1.4. Doelstellingen Module 4: Zuur-basetheorie

Download Report

Transcript 1.4. Doelstellingen Module 4: Zuur-basetheorie

1.4. Doelstellingen Module 4: Zuur-basetheorie
Wat moet je kunnen?
1. Het verschil tussen sterke en zwakke elektrolyten omschrijven. Voor de reactie van een elektrolyt de
overeenkomstige formule voor K noteren. Een verband leggen tussen de grootte van K en het sterk of zwak
zijn van een elektrolyt.
2. Voor de verschillende verbindingsklassen de meest voorkomende sterke elektrolyten geven. Berekeningen
maken met de ionisatiegraad, dat wil zeggen:
- Vanuit de gegeven concentraties (of het aantal mol) de ionisatiegraad berekenen.

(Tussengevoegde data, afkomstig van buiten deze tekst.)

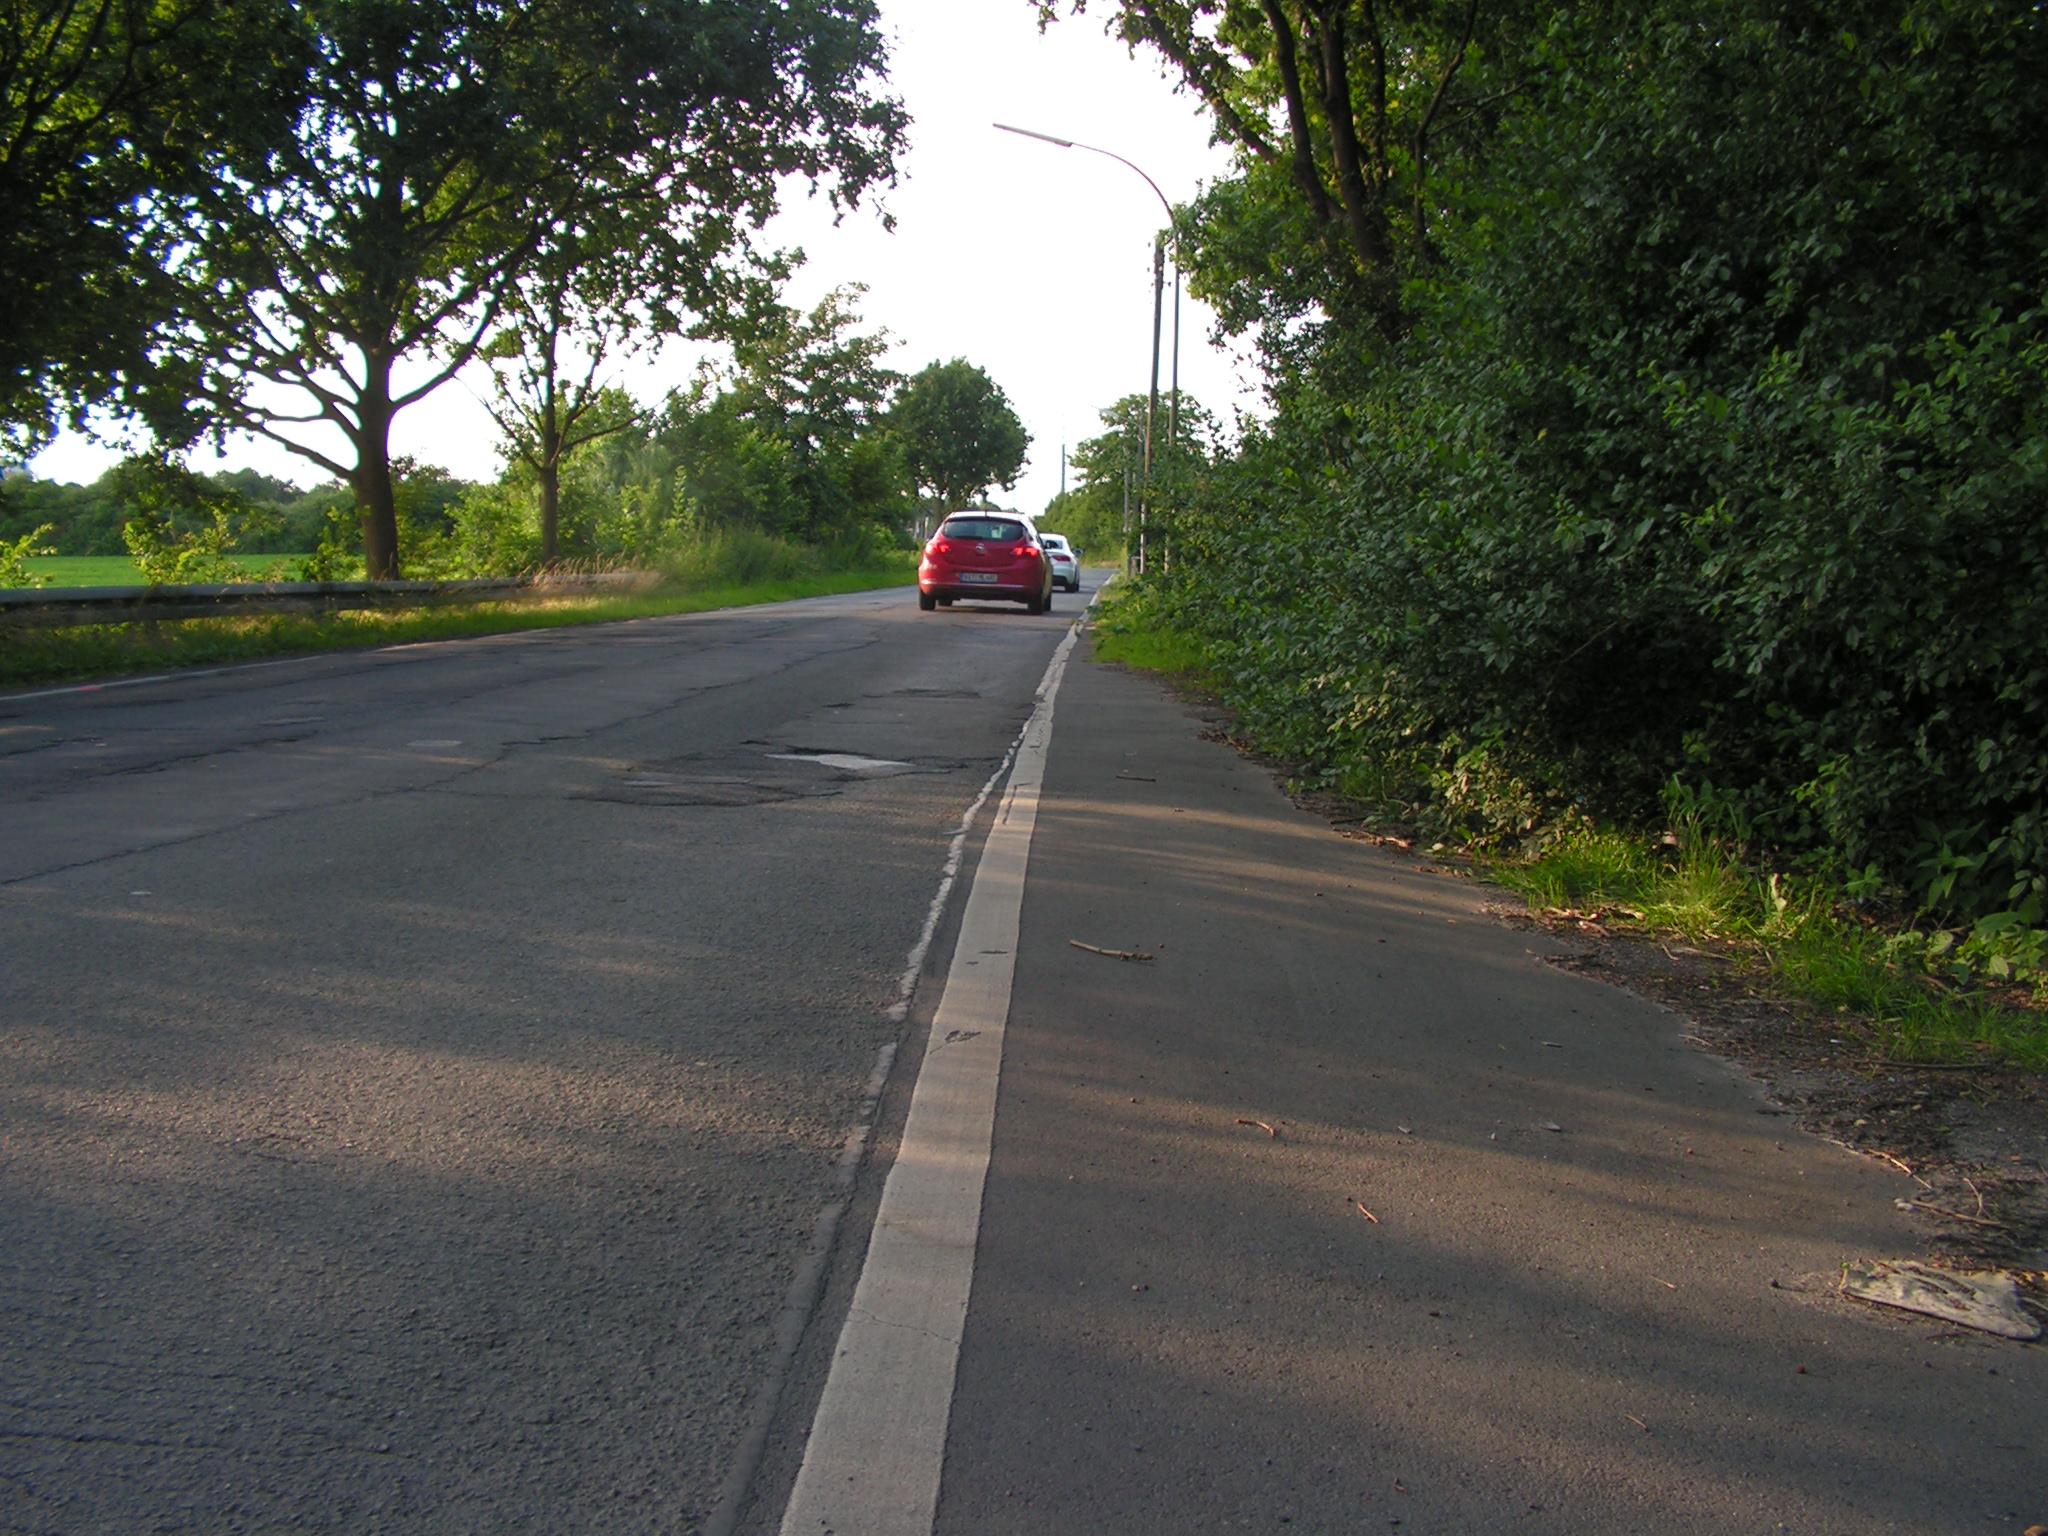 Schlaglochpiste ohne Geh- oder Radwege. (Foto: Peter Maier)

- Vanuit een ionisatiegraad en concentraties (of het aantal mol) de ontbrekende concentraties (of het aantal
mol) en K berekenen.
3. De waterconstante afleiden (α is gegeven). Voor verschillende oplossingen de waarde van de [H3O+] en [OH –]

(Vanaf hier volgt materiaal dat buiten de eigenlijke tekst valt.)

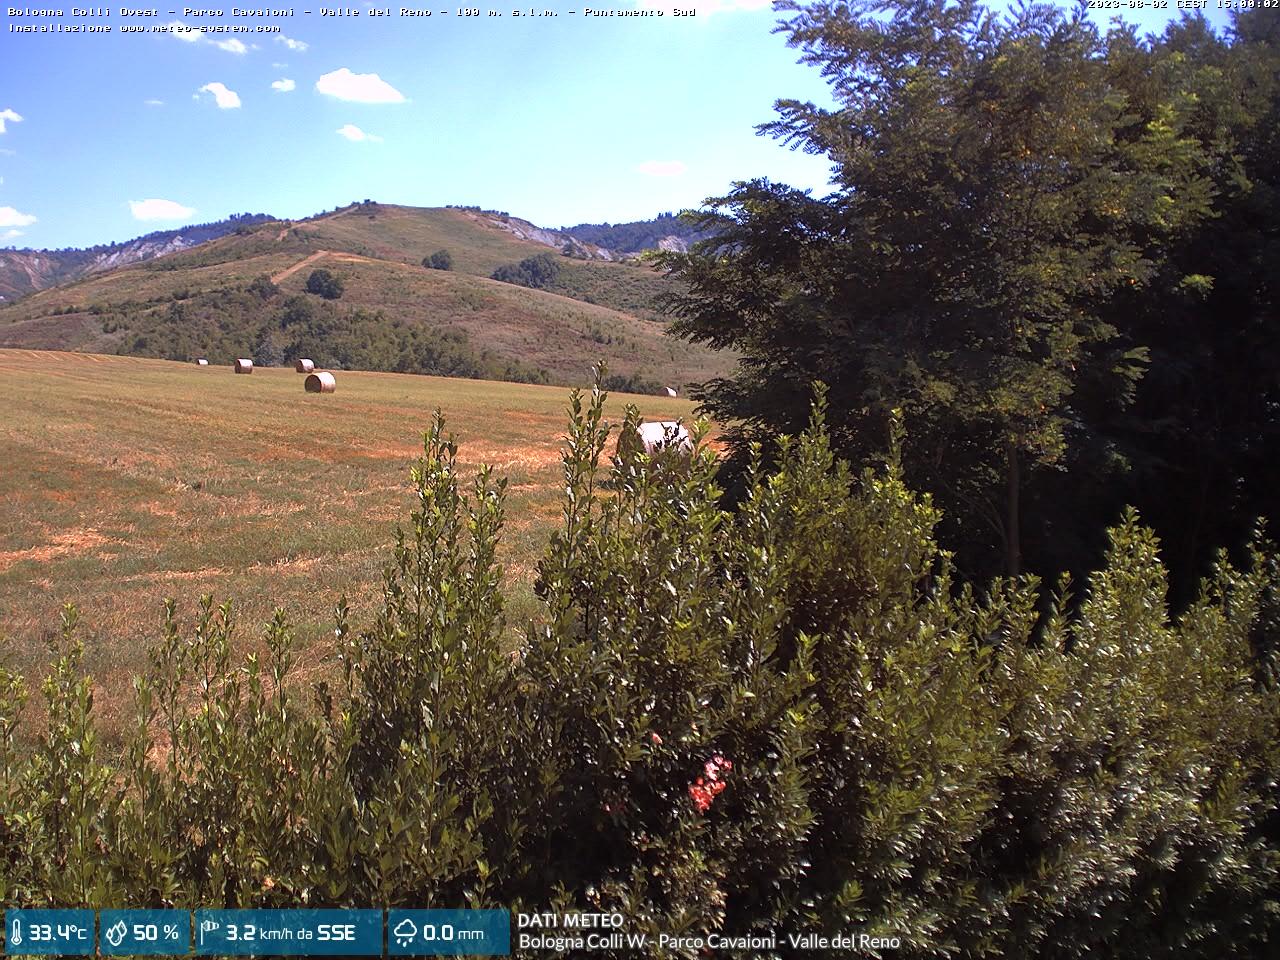 webcam Bologna Colli W - Parco Cavaioni - Valle del Reno (BO)

geven en ook uitleggen hoe je eraan komt.
Omgekeerd moet je ook in staat zijn om vanuit de waterconstante de ionisatiegraad te bepalen.
4. Voor neutrale, zure en basische oplossingen de mogelijke waarden voor de pH weergeven en aantonen hoe
men daaraan komt. Een eenvoudige pH-schaal voorstellen.

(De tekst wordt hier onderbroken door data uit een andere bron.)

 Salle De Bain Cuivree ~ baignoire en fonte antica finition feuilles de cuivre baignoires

5. Verklaren waarom een H+ niet op zichzelf kan bestaan.
6. Voor een opgegeven stof een reactie noteren waarin ze (zoals opgegeven) als een zuur of als een base
reageert.
7. De formule voor de zuurconstante van een zwak zuur afleiden en de betekenis ervan uitleggen.
Het voorkomen van verscheidene K Z-waarden voor een meerwaardig zwak zuur aangeven en noteren, en de
verschillen in getalwaarde verklaren.
8. De formule voor de baseconstante van een zwakke base afleiden en de betekenis ervan uitleggen.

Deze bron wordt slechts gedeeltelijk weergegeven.